Art dealer Mira Godard dead at 82

Globe and Mail Update

Mira Godard, the Bucharest-born art dealer who represented a stellar roster of Canadian visual artists including Christopher Pratt, Alex Colville, Joe Fafard, Mary Pratt, Jean McEwan, Takeo Tanabe and the estate of David Milne, died in Toronto after a long illness on Monday.

Although Godard guarded her age as though it were a state secret, a spokesperson for Toronto’s Mira Godard Gallery said she was born in 1928. She fled her homeland with her family after Romania slipped behind the Iron Curtain in the late 1940s, settling first in Zurich and then Paris before moving to Montreal in 1950.

For more than three decades, she was a leading national and international dealer, beginning with her purchase, almost on a whim, of the Agnes Lefort Gallery (which represented Jean-Paul Lemieux and Paul-Émile Borduas, among other luminaries) in Montreal in 1961. From that base, she followed the money and power shift to Toronto, establishing the Marlborough Godard Gallery on Hazelton Avenue in the Yorkville area in the early 1970s and then opening a showcase gallery in booming Calgary in 1979, only to be forced to retrench during the onerous recession of the early 1980s.

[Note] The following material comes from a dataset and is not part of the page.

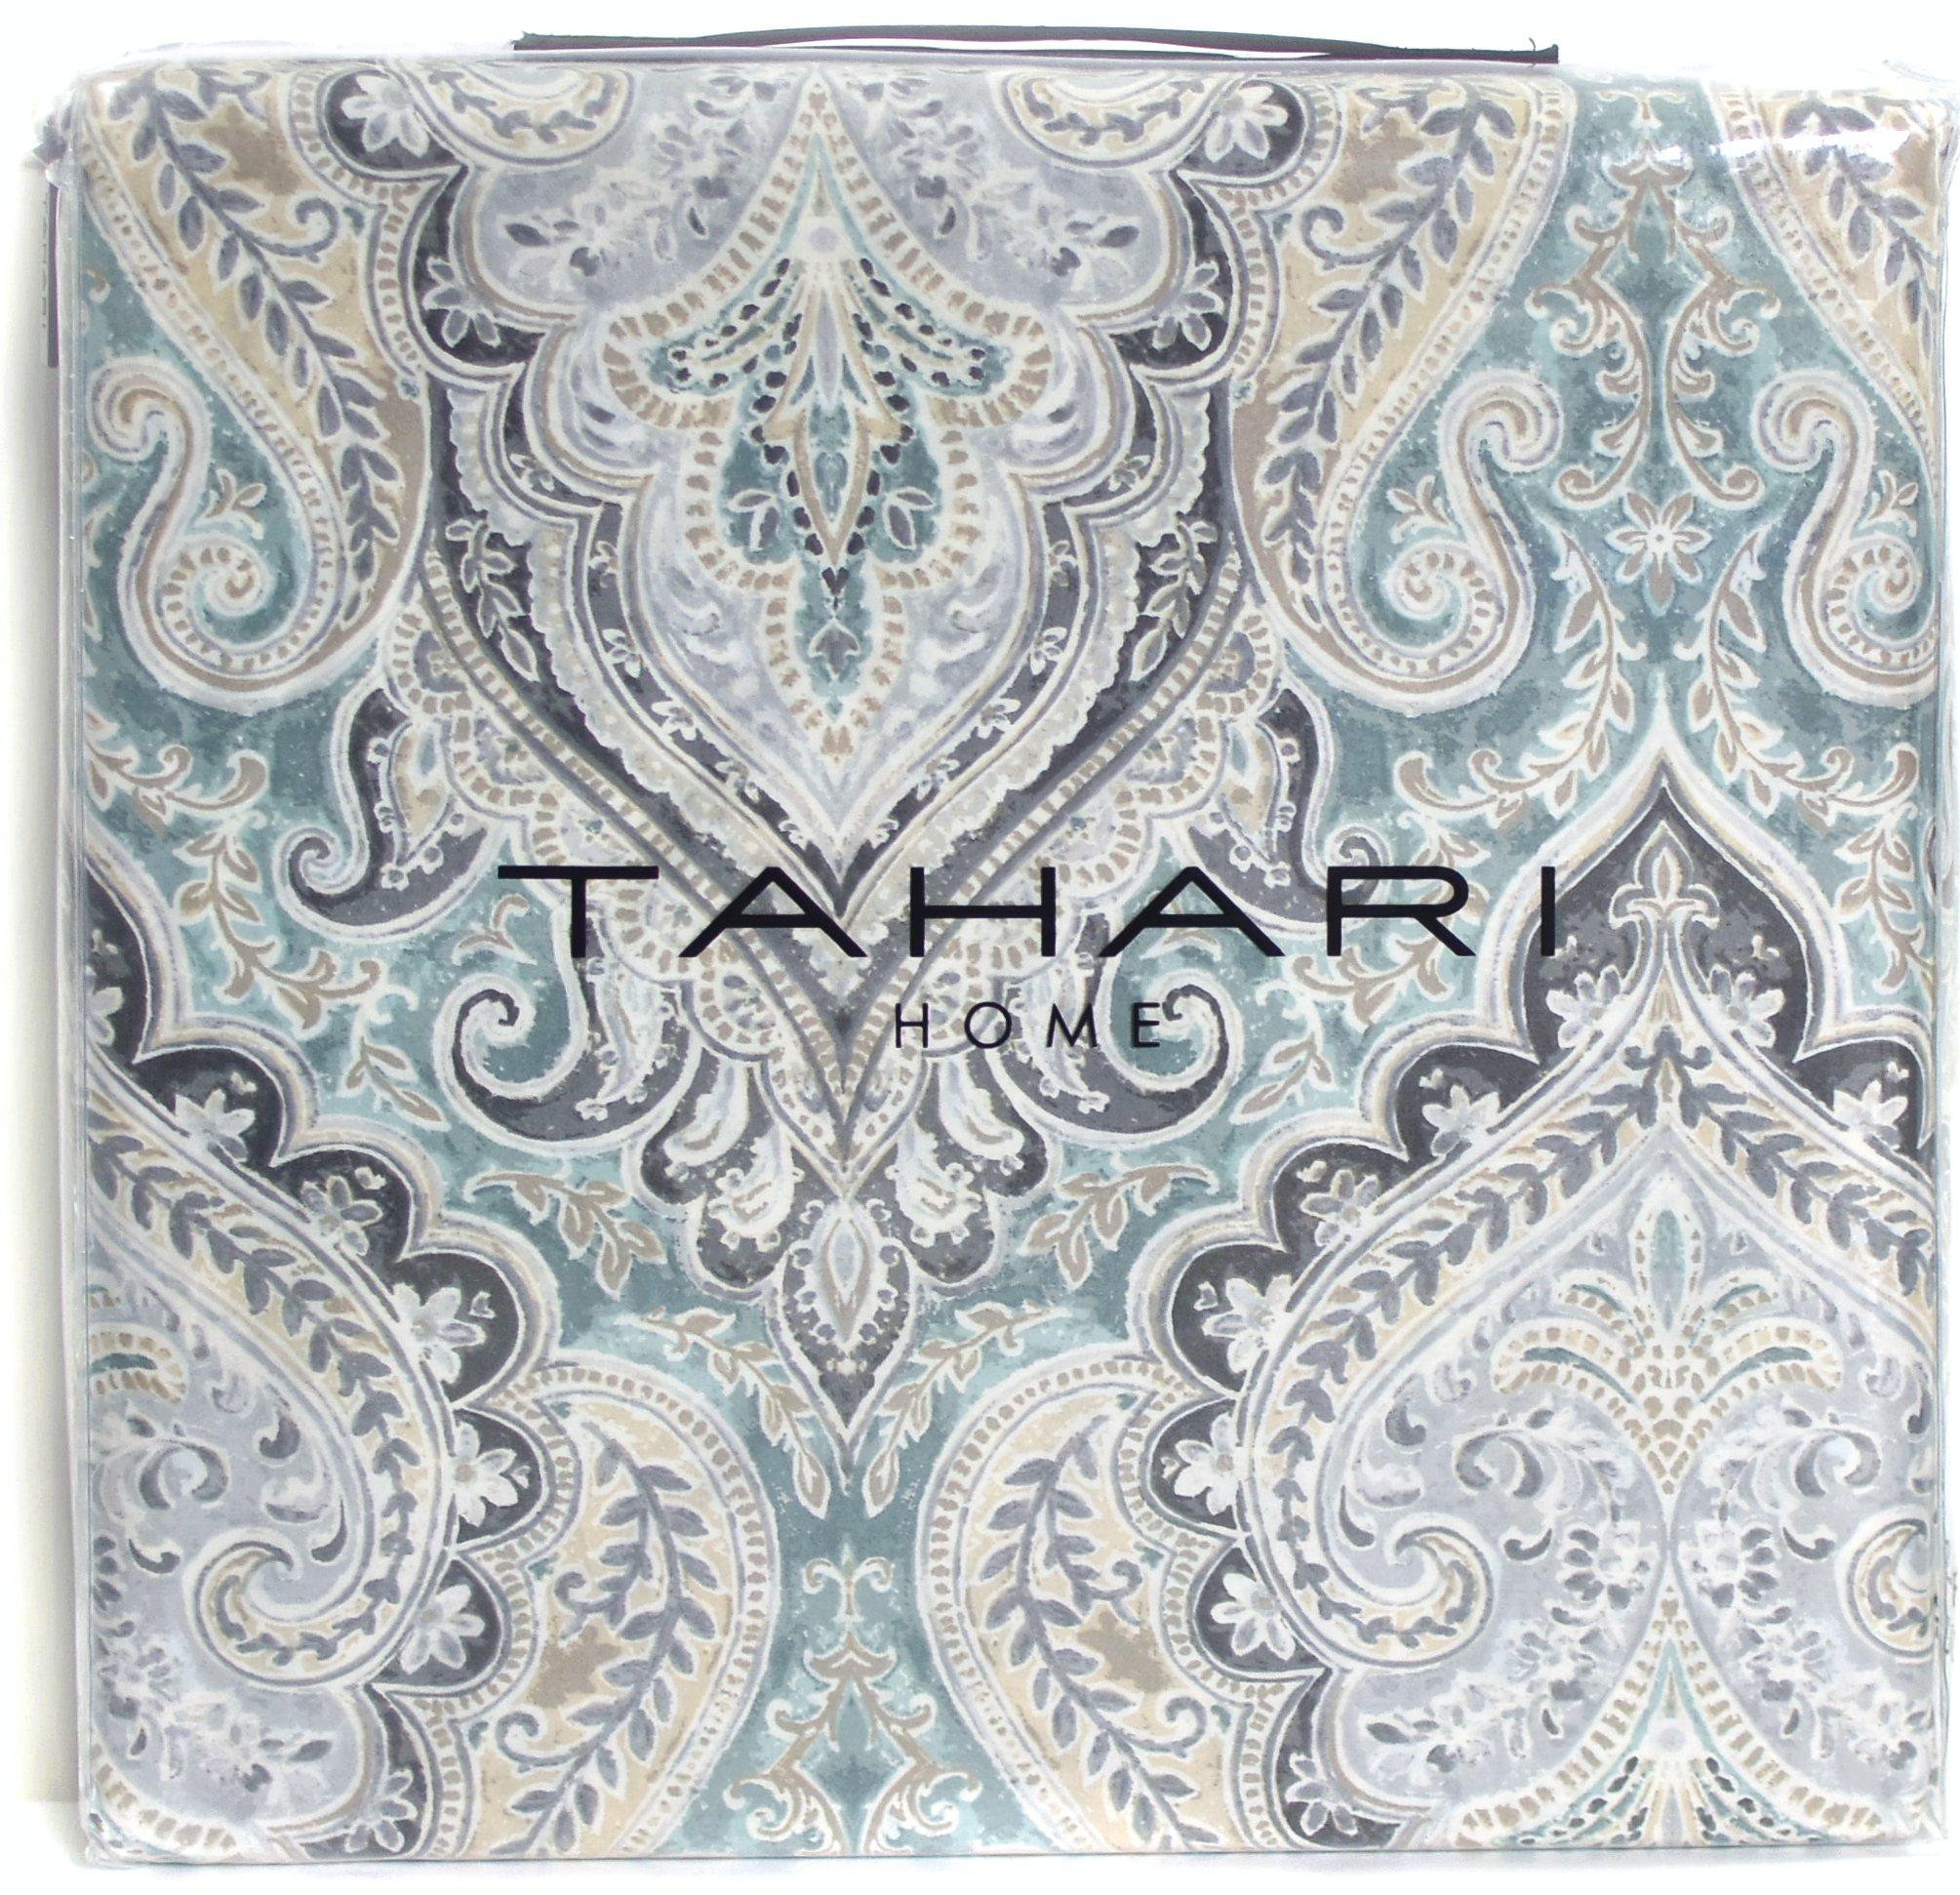 Tahari Home Luxury Bohemian Duvet Cover Luxury Boho Style Medallion Print in Blue Grey 3 Piece Bedding Set (Queen, Spa)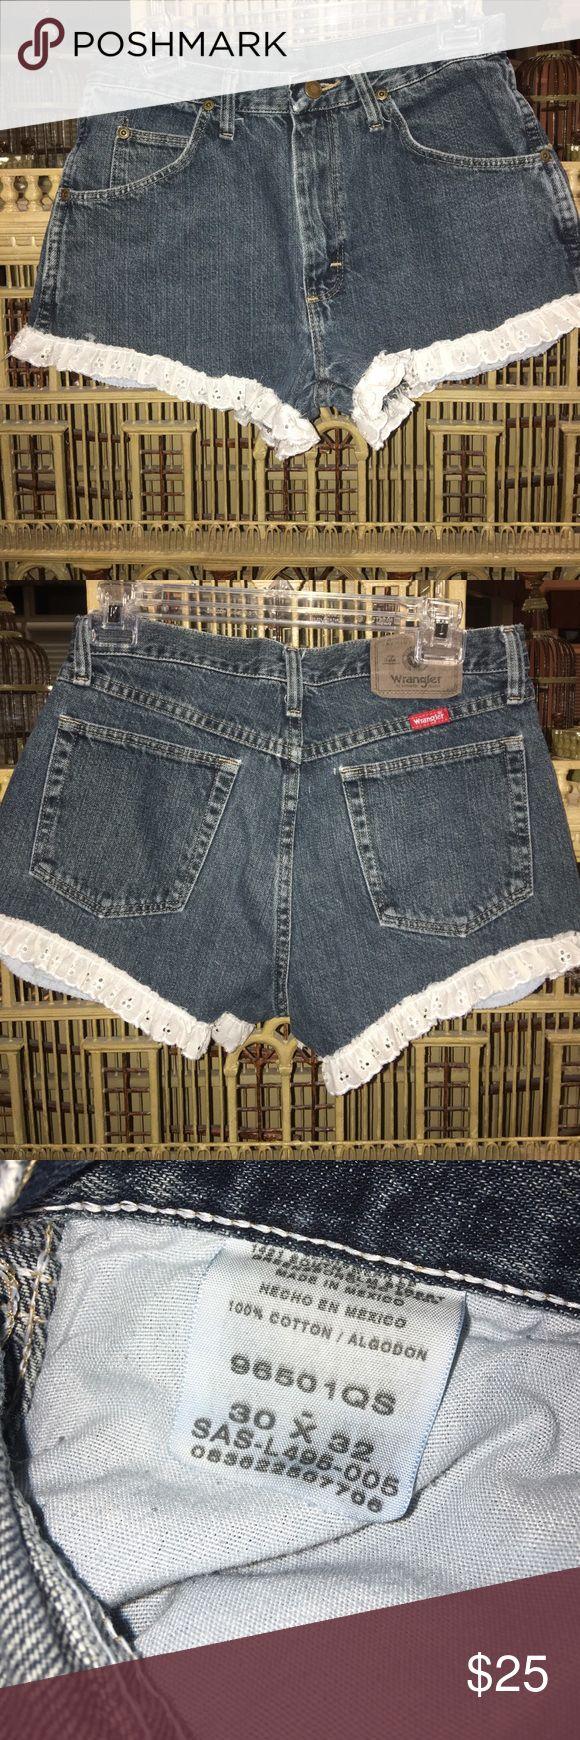 "🎀🎀🎀🌸🌸🌸Wrangler Eyelet Shorts 30"" waist🌸🌸🌸 🌸🌸🌸Lovely Wrangler Shorts 30"" Waist⛵️⛵️⛵️My daughter was a Sz 2 when she wore these🎀🎀🎀 Wrangler Shorts Jean Shorts"

Fluent in at least three languages, raised in a cultured background, possessing a keen eye and a sharp nose, she was a pioneer in treating the visual arts as a business -- she had an MBA from McGill University -- rather than a vocation. She didn’t just appreciate the work her artists produced, she sold it and made them world-famous, at least in Canada. As Alex Colville said about her in a Saturday Night profile, back in 1981, “Nothing stops her. No stone is left unturned. People may criticize her for that kind of thing, but I like it.”

A full obituary is forthcoming.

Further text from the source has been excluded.